*Work required*
In the records below, find the line that contains "PROLiNK PCC900 PROLiNK" and the line that contains "ساعت مچی عقربه ای لاروس مدل 1117-aq1066a 15"; write out exactly those two lines and everything between them, without the pictures.

*Entries supplied*
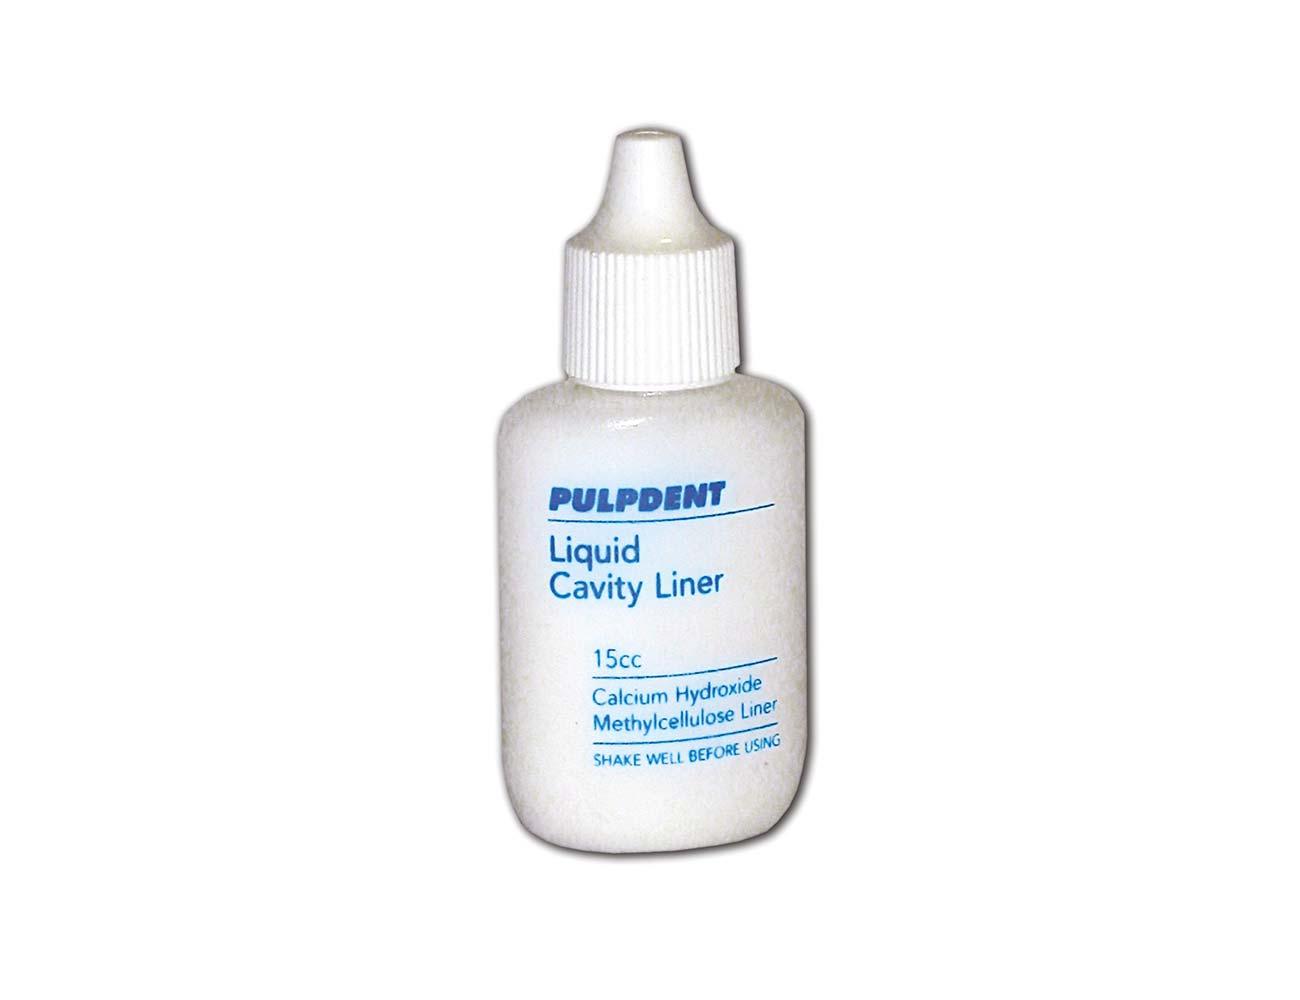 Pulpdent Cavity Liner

---

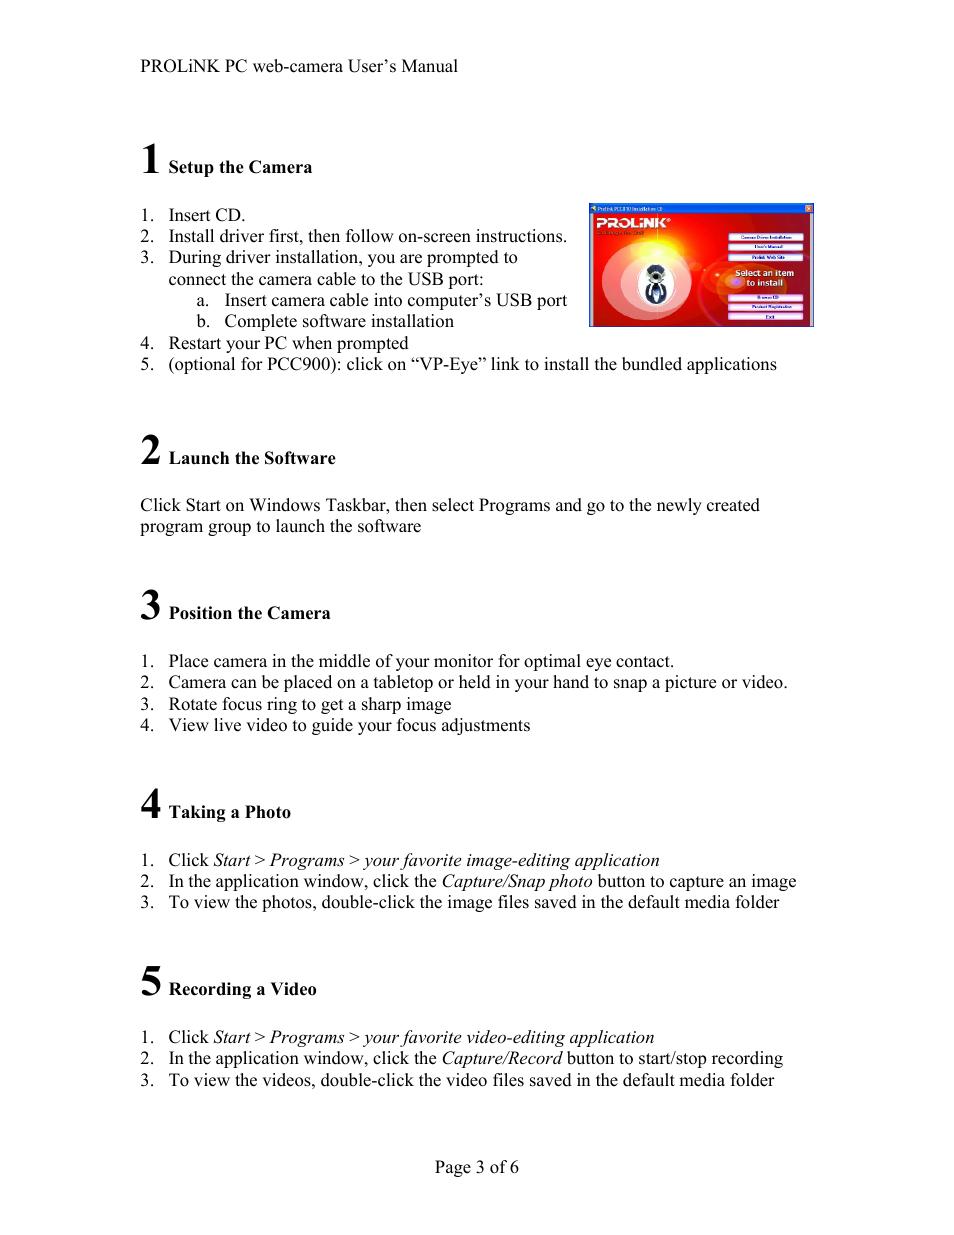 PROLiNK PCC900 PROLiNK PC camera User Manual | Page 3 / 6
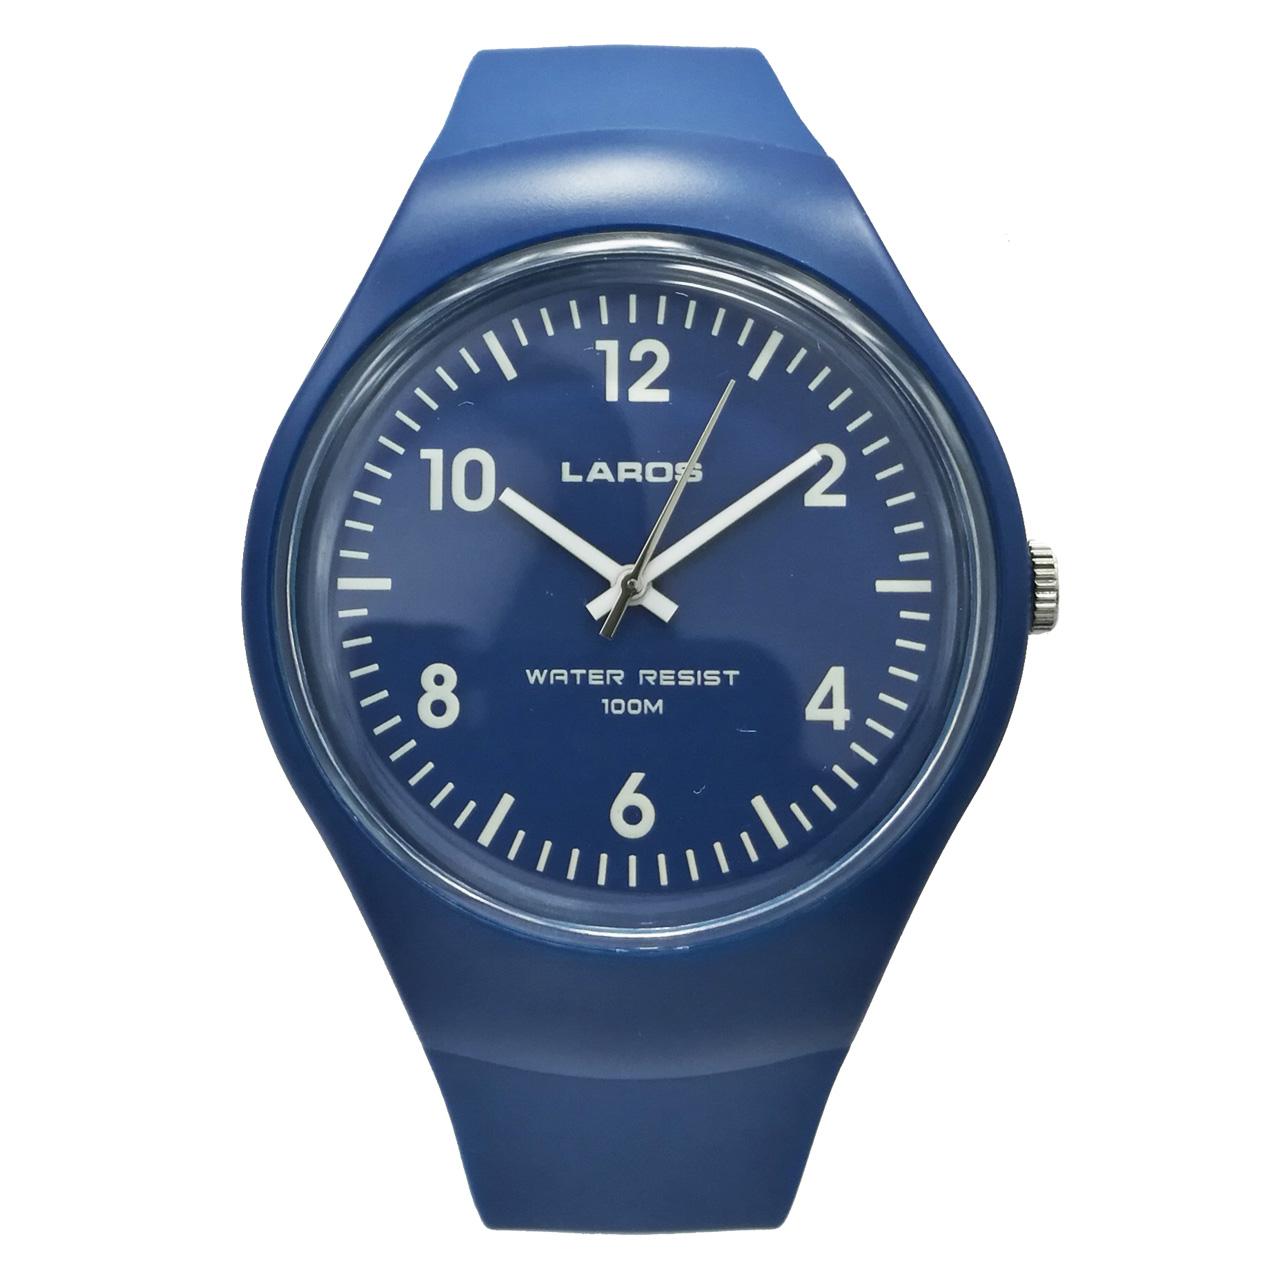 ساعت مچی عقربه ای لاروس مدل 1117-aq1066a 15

*Exercise result*
 PROLiNK PCC900 PROLiNK PC camera User Manual | Page 3 / 6
 ساعت مچی عقربه ای لاروس مدل 1117-aq1066a 15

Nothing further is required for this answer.